How to compute the gradient of the score for class?And what's the relationship between grident and visulization?

zhangrong1722 commented 6 years ago

In grad-cam paper,the authors use the gradient of the score for class c namely y^c partial derivative of feature maps A^k of a convolutional layer to obtain the neuron importance weights.But how to compute the gradient of the score for class c y^c?And why?

ramprs commented 6 years ago

How to compute the gradient of the score for class c y^c?

In order to compute the gradient of the score for any class c wrt convolutional feature map, we set the gradient to the pre-softmax layer (fc8 in case of VGG) as a one-hot encoding of the target class c and back propagate that gradient till the last convolutional layer (in most frameworks this can be done by simply calling backward).

Why do we use Gradients in Grad-CAM?

Grad-CAM uses the fact later convolutional layers capture more semantic information, and the importance of a neuron can be determined by summing up (Global average pooling) the gradients obtained above.
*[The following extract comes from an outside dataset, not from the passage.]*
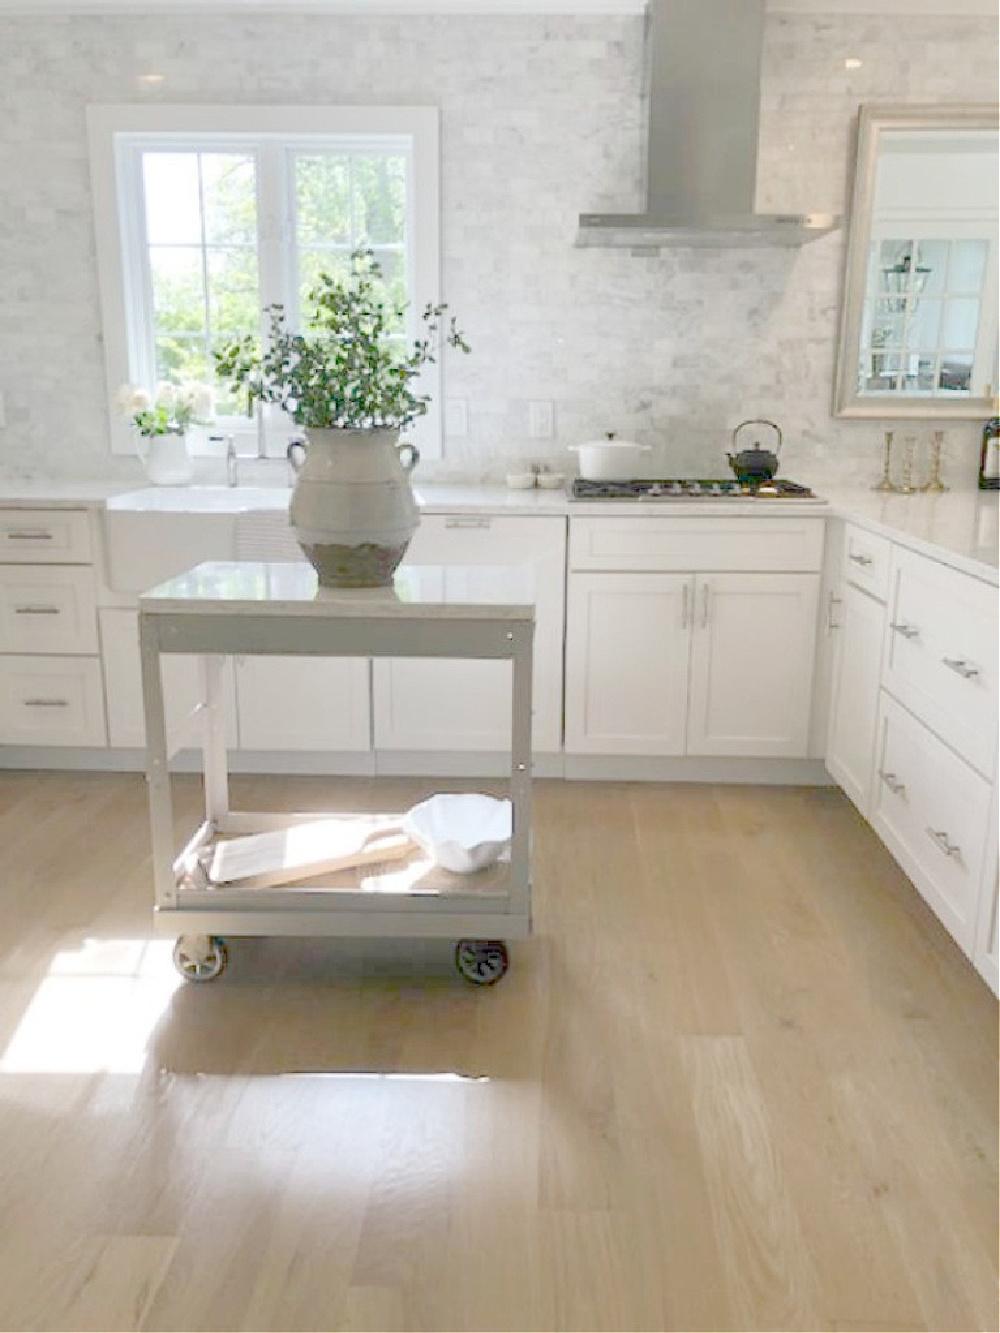 White oak hardwood floors in a serene simple Shaker modern farmhouse kitchen by Hello Lovely Studio. #hellolovelystudio #whiteoak #hardwoodfloors #kitchendesign #shakerkitchen

In order to explain this particular image, these importance weights are combined with convolutional feature map A to obtain Grad-CAM.

Difference between visualization and gradient:

In Grad-CAM paper when we refer to visualization, we refer to the visual explanation (Grad CAM heat map or Guided Grad-CAM gradients). Gradients are much more general and are used in different scenarios - for training or generating explanations (like in the case of Grad-CAM).

zhangrong1722 commented 6 years ago

Thank you!

hnguyentt commented 4 years ago

Hello @ramprs

Is it still acceptable to do the backpropagation from softmax rather than pre-softmax till the last convolutional layer?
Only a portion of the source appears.